A double bearing bit with shear that's 3/4" in diameter with a 1" cutting length (assuming you use 3/4" stock) and some shear angle.

Otherwise it would depend what you're doing. A flush trim bit with the bearing on the end is better for making pieces over-sized (like a box top) and trimming to fit and can still be used for pattern work which involves through-cuts. Obviously you couldn't do inlays or route rabbets with a flush trim bit.



> Use on more than the other? Also, I was looking at a Freud bit that had both top and bottom bearings. Does this solve anything?


Yes. Routing into the grain like this -> \ often catches and breaks the piece (example attached - even the clamped block of wood on the end and trimming within 1/16" of the pattern isn't enough to avoid breakage). The best way to avoid the problem is to flip the piece over. When the pattern is stuck to the piece with double sided tape that means you go from needing a top bearing to a bottom bearing. With the double bearing bit you only need to change the router height 1/2".

You can also put toggle clamps on your pattern to hold symetric work pieces in place so you can flip the work with the pattern staying on the same side , or make a sandwich with patterns on the top and bottom.


----------



## bobj3 (Jan 17, 2006)

This is just my 2 cents 

I like the bearing on the top,, that way you can keep most of the cutter down in the hole, it's bit safer or if use in the hand type router it has a way to ride on the stock.

The one I like best is the one with 2 bearing on it..
Spiral Flush Trim Router Bit
http://www.mlcswoodworking.com/shop...l/pages/bt_solid.html#spiral_flushtrim_anchor

=======


----------



## steveD (Oct 21, 2008)

Thanks guys! Makes a whole lot of sense.


----------



## matthewd5 (Nov 7, 2008)

just my $ .02 but i have both the single bearing top or bottom but the freud bearing on top and bottom is last bit of that sort that i have bought and i find myself using that one virtually 99% off the time.

matthew


----------



## AlanZ (Aug 21, 2008)

I'm considering getting a bit with bearings at the top and bottom from MLCS.

They have an interesting video that explains how using a two bearing bit avoids tearout when routing an arch.

Click here for the video


----------



## Drew Eckhardt (Aug 2, 2008)

AlanZ said:


> I'm considering getting a bit with bearings at the top and bottom from MLCS.
> 
> They have an interesting video that explains how using a two bearing bit avoids tearout when routing an arch.
> 
> Click here for the video


Page 118 from _Ultimate Guide to the Router Table_. I've had problems trying to link to google books so here's a screen grab.


----------



## bobj3 (Jan 17, 2006)

Hi Guys

Just my 2 cents 

I have not found a bit yet that will not rip out the stock once you run the bit uphill with the grain of the wood,,,it's nice to have two bearings on the bit but using a bit with a skew angle and running it at hight works well,,,the real key is to cut the stock with in 1/16" of the template/pattern.
And once you get to the grain running uphill flip the stock over so you are going down hill grain of the stock..

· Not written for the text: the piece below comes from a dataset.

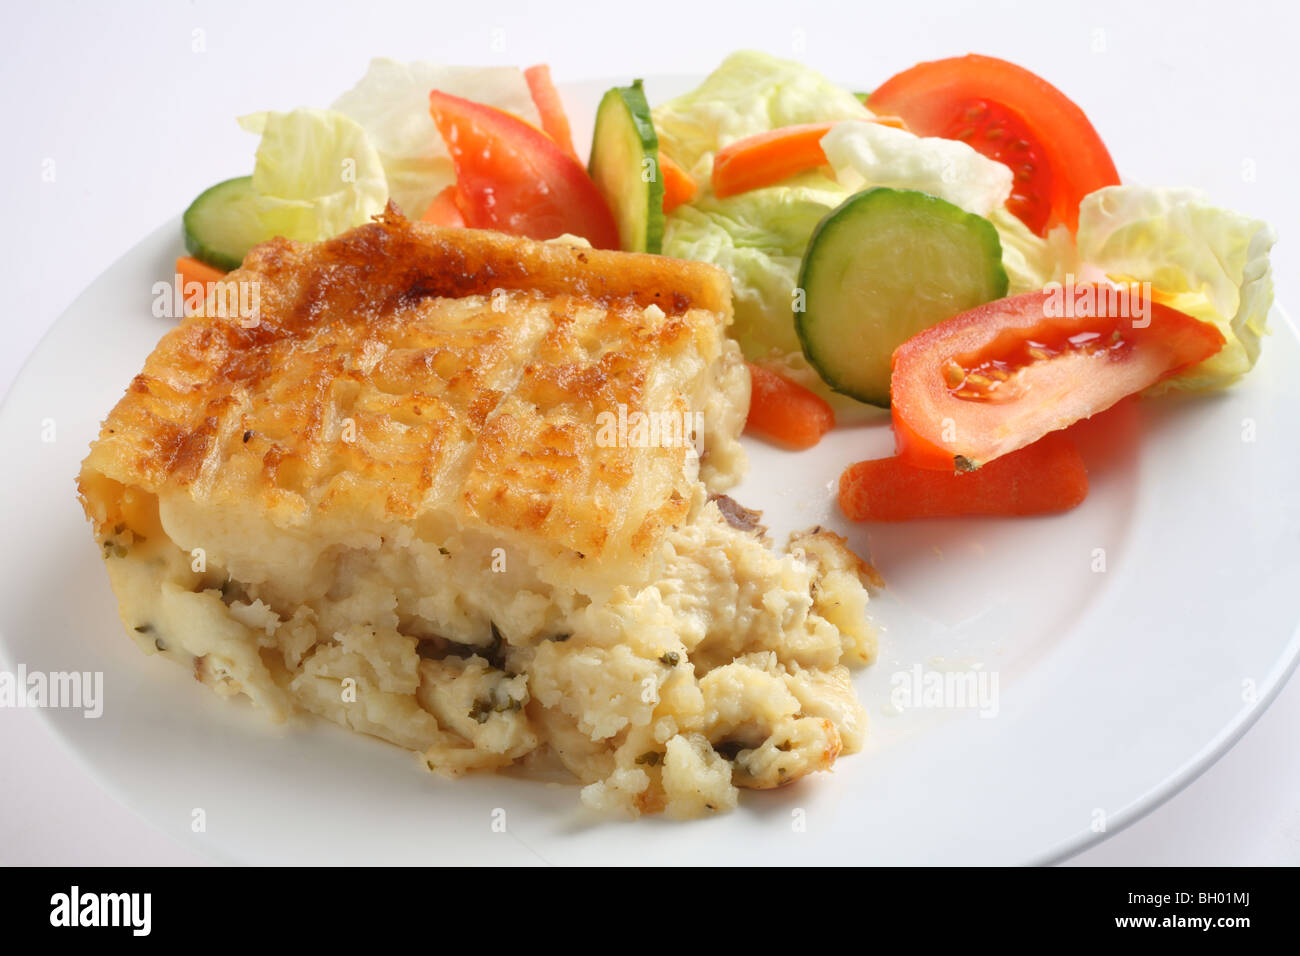 Traditional seafood pie, with fish in bechamel sauce topped with mashed potato and baked, served with a salad, side view Stock Photo

Bob & Rick show how to do this on the RWS show with a jig and two hold downs.

=========


----------



## thistlefly (Dec 2, 2008)

So, a simple question: The meaning of 'top' and 'bottom' of the bit in this context presumes that the router is handheld, not table-mounted, right?

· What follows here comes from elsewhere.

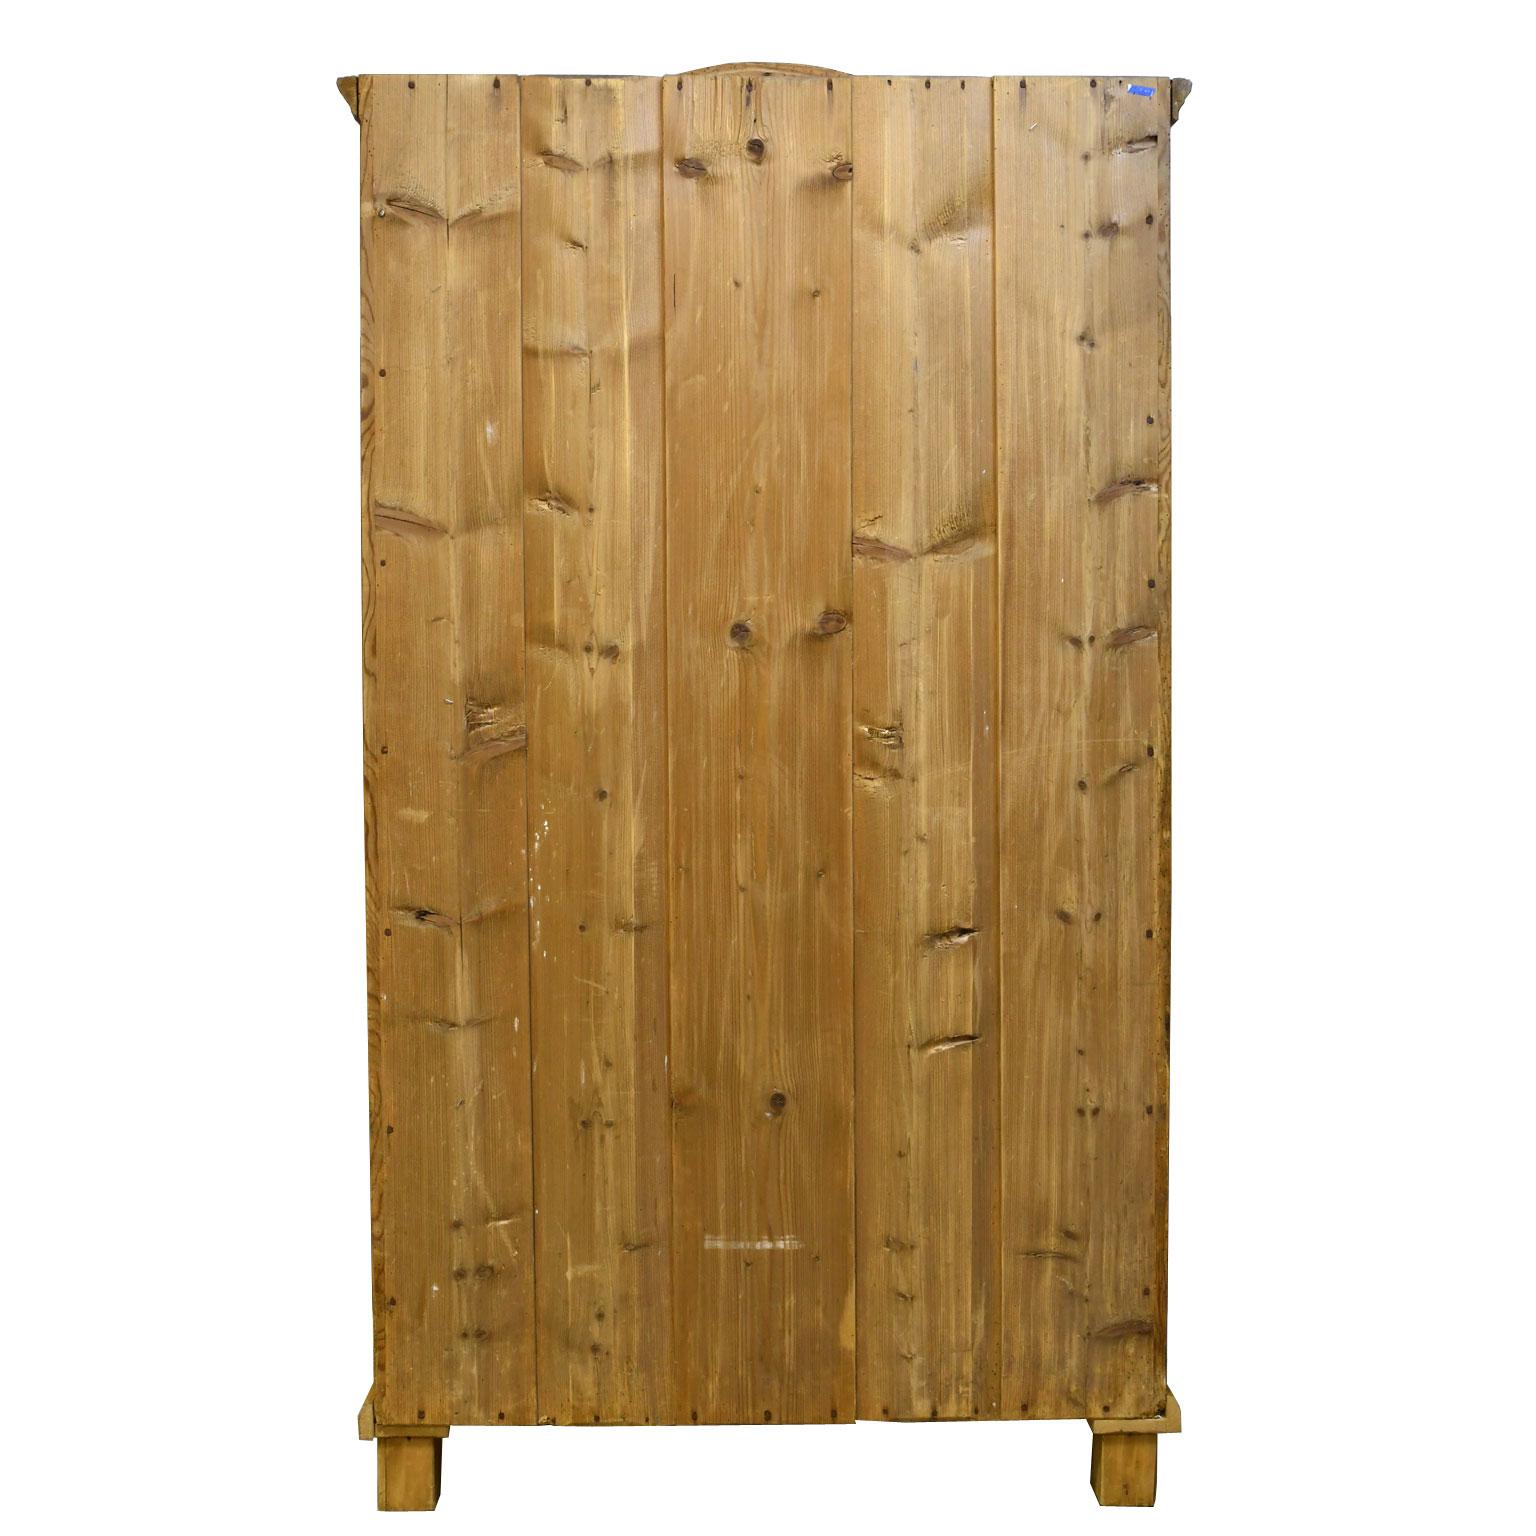 Rustic Austrian Armoire in Pine with Single Door and Arched Top, circa 1830

I've only done a few routing projects, and that some years back, so have little experience to go on. I can envision times when I'd want to flush trim projects with either the table-mounted or handheld router, and would think that having the 'bottom' bearing would be best for handheld and the 'top' bearing bits (at the 'bottom' of the inverted router) would be best for table use.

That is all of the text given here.